WORKING DATA:
------------------------------------

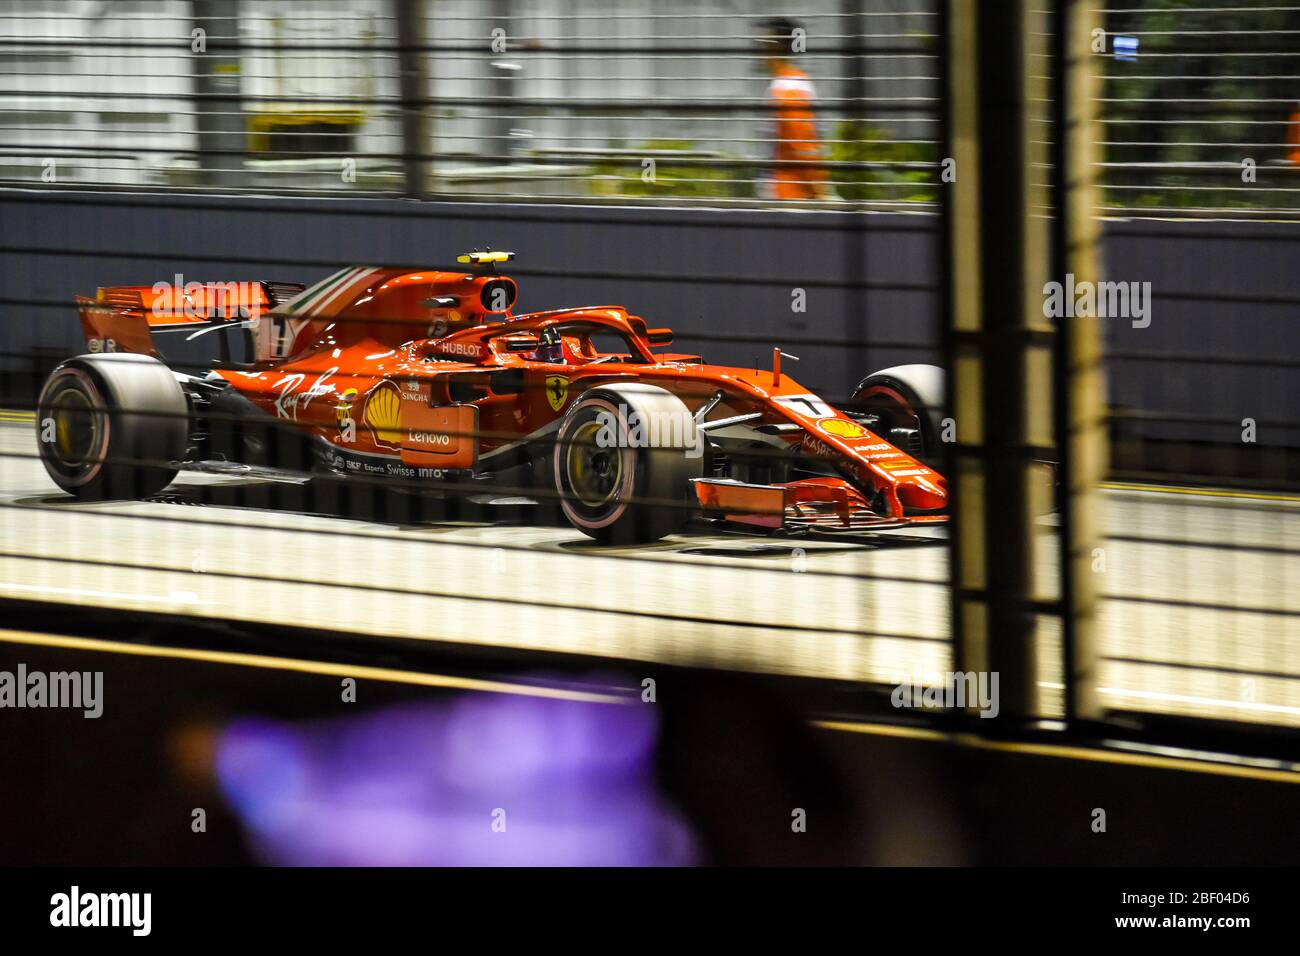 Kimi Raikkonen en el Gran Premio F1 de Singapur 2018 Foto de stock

------------------------------------

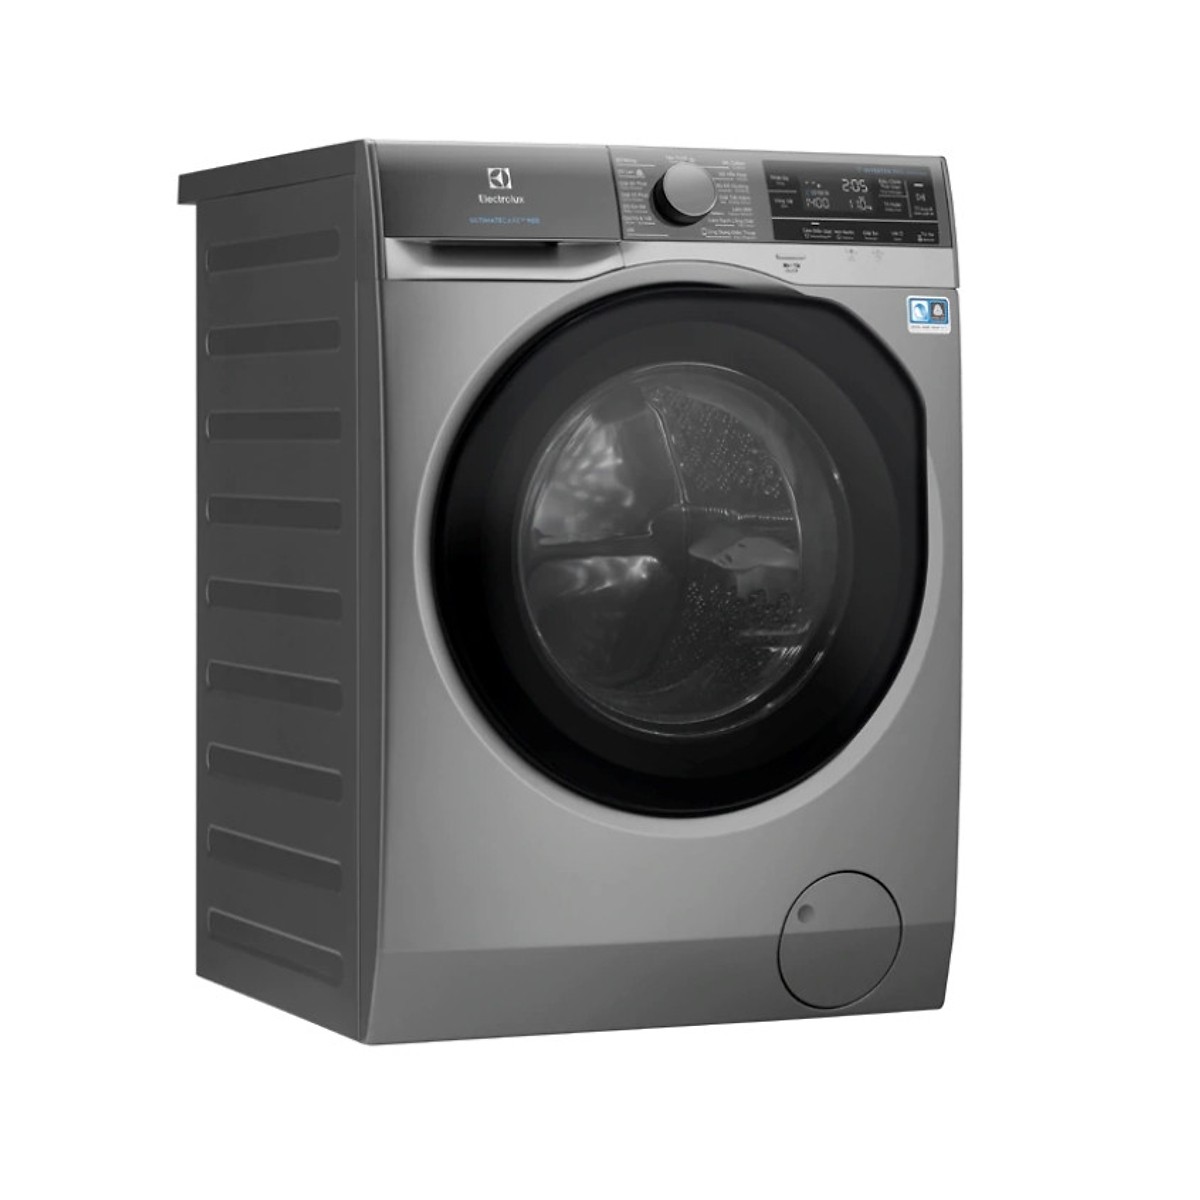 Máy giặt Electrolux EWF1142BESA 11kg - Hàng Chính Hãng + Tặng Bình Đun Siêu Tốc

------------------------------------

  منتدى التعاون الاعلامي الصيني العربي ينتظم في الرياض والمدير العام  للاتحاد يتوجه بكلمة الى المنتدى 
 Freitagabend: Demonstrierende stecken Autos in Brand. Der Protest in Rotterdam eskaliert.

------------------------------------

TASK STATEMENT:
Only the lines above from the one with "منتدى التعاون الاعلامي" up to and including the one with "Freitagabend: Demonstrierende stecken" should be repeated, exactly as written.

THE COMPLETED TASK:
  منتدى التعاون الاعلامي الصيني العربي ينتظم في الرياض والمدير العام  للاتحاد يتوجه بكلمة الى المنتدى 
 Freitagabend: Demonstrierende stecken Autos in Brand. Der Protest in Rotterdam eskaliert.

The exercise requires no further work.